Re: 5123 I have also had some time to think about other aggregation functions (Please be aware that I am new to HBase, Coprocessors, and the Aggregation Protocol and I have little knowledge of distributed numerical algorithms!). It seems to me the pattern in AP is to return a SINGLE value from a SINGLE column (CF:CQ) of a table. In future one might wish to extend AP to return MULTIPLE values from MULTIPLE columns, so it is good to keep this in mind for the SINGLE value/SINGLE column (SVSC) case.

So, common SVSC aggregation functions:

currently supported:

min

max

sum

count

avg (arithmetic mean)

std

not currently supported:

median

mode

quantile/ntile

mult/product

for column values of all numeric types, returning values of that type. Current support is only for Long type.

Some thoughts on the future possibilities:

An example of a future SINGLE value MULTIPLE column use case could be weighted versions of the above functions i.e. a column of weights applied to the column of values then the new aggregation derived.

(note: there is a very good description of Weighted Median in the R language documentation:

http://www.stat.ucl.ac.be/ISdidactique/Rhelp/library/R.basic/html/weighted.median.html)

An example of future MULTIPLE value SINGLE column could be range: return all rows with a column value between two values. Maybe this is a bad example because there could be better HBase ways to do it with filters/scans at a higher level. Perhaps binning is a better example? i.e. return an array containing values derived from applying one of the SVSC functions to a binned column e.g:

int bins = 100;

aClient.sum(table, ci, scan, bins); =>

{12.3, 14.5...}

Another example (common in several programming languages) is to map an arbitrary function over a column and return the new vector.
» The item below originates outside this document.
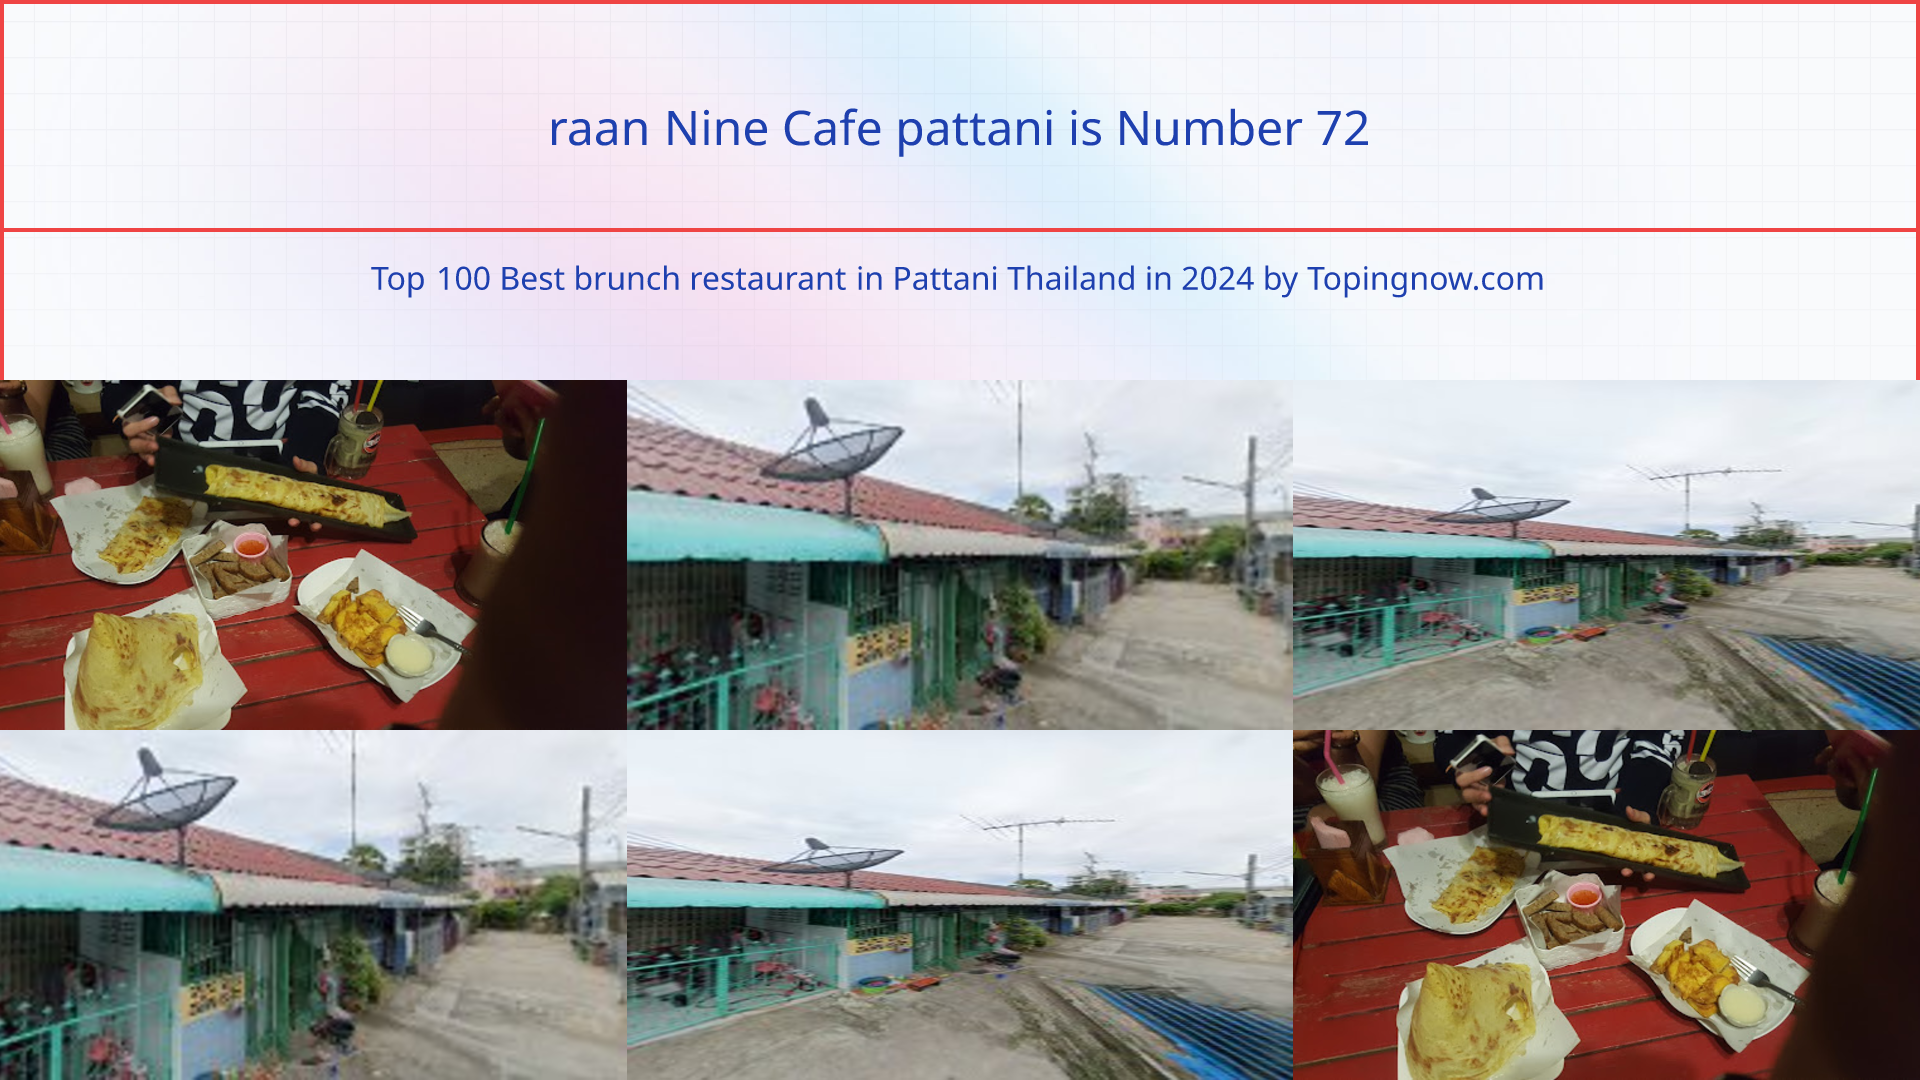 raan Nine Cafe pattani: Top 100 Best brunch restaurant in Pattani Thailand in 2024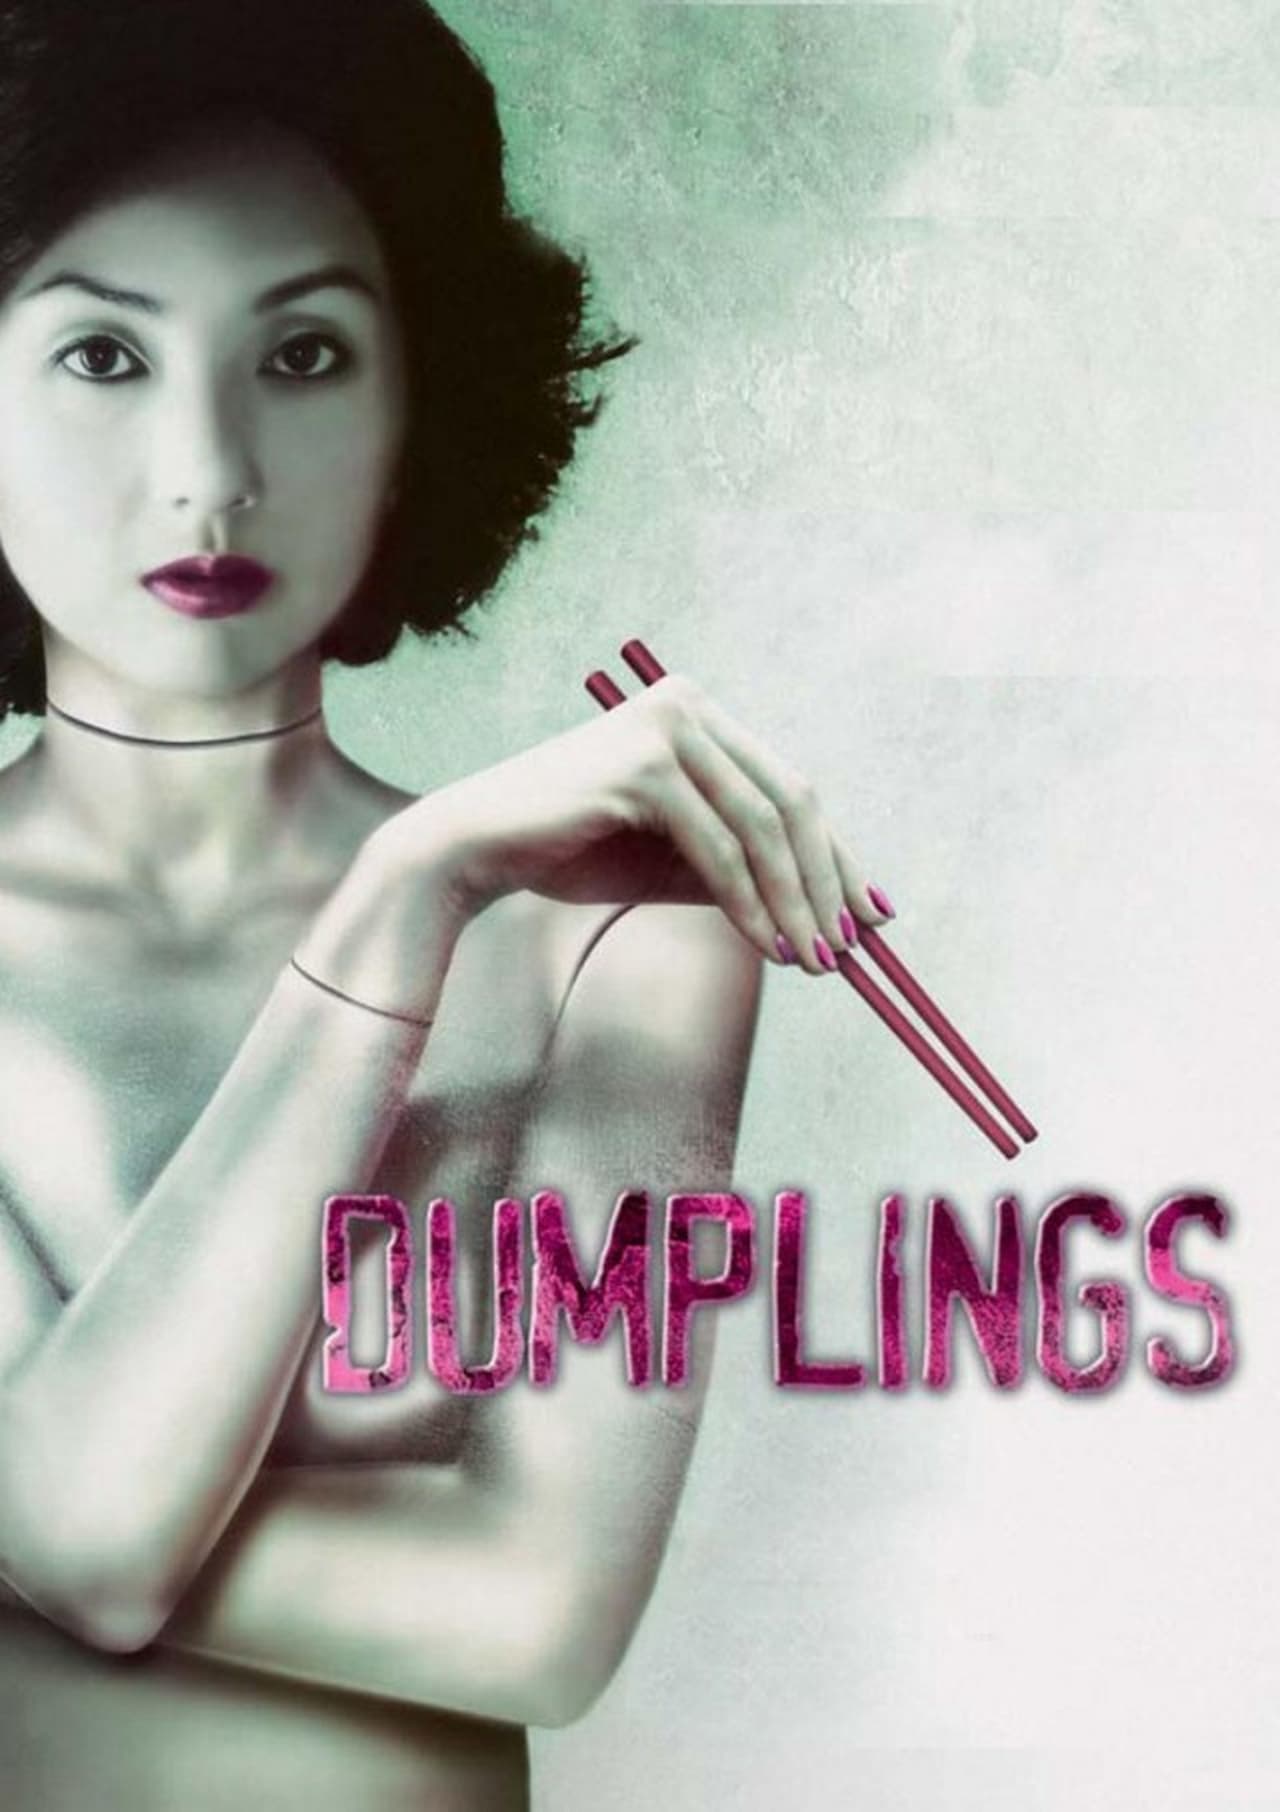 Dumplings poster

Of course, again this may be a bad example in the case of long HBase columns but it seems like an appropriate thing to do with coprocessors.

MULTIPLE value MULTIPLE column examples are common in spatial data processing but I see there has been a lot of spatial/GIS discussion around HBase which I have not read yet. So I'll keep quiet for now.

I hope these thoughts strike a balance between my (special interest) use case of statistical/spatial functions on tables and general purpose (but coprocessor enabled/regionserver distributed) HBase.

Some of this done, the rest left, whatever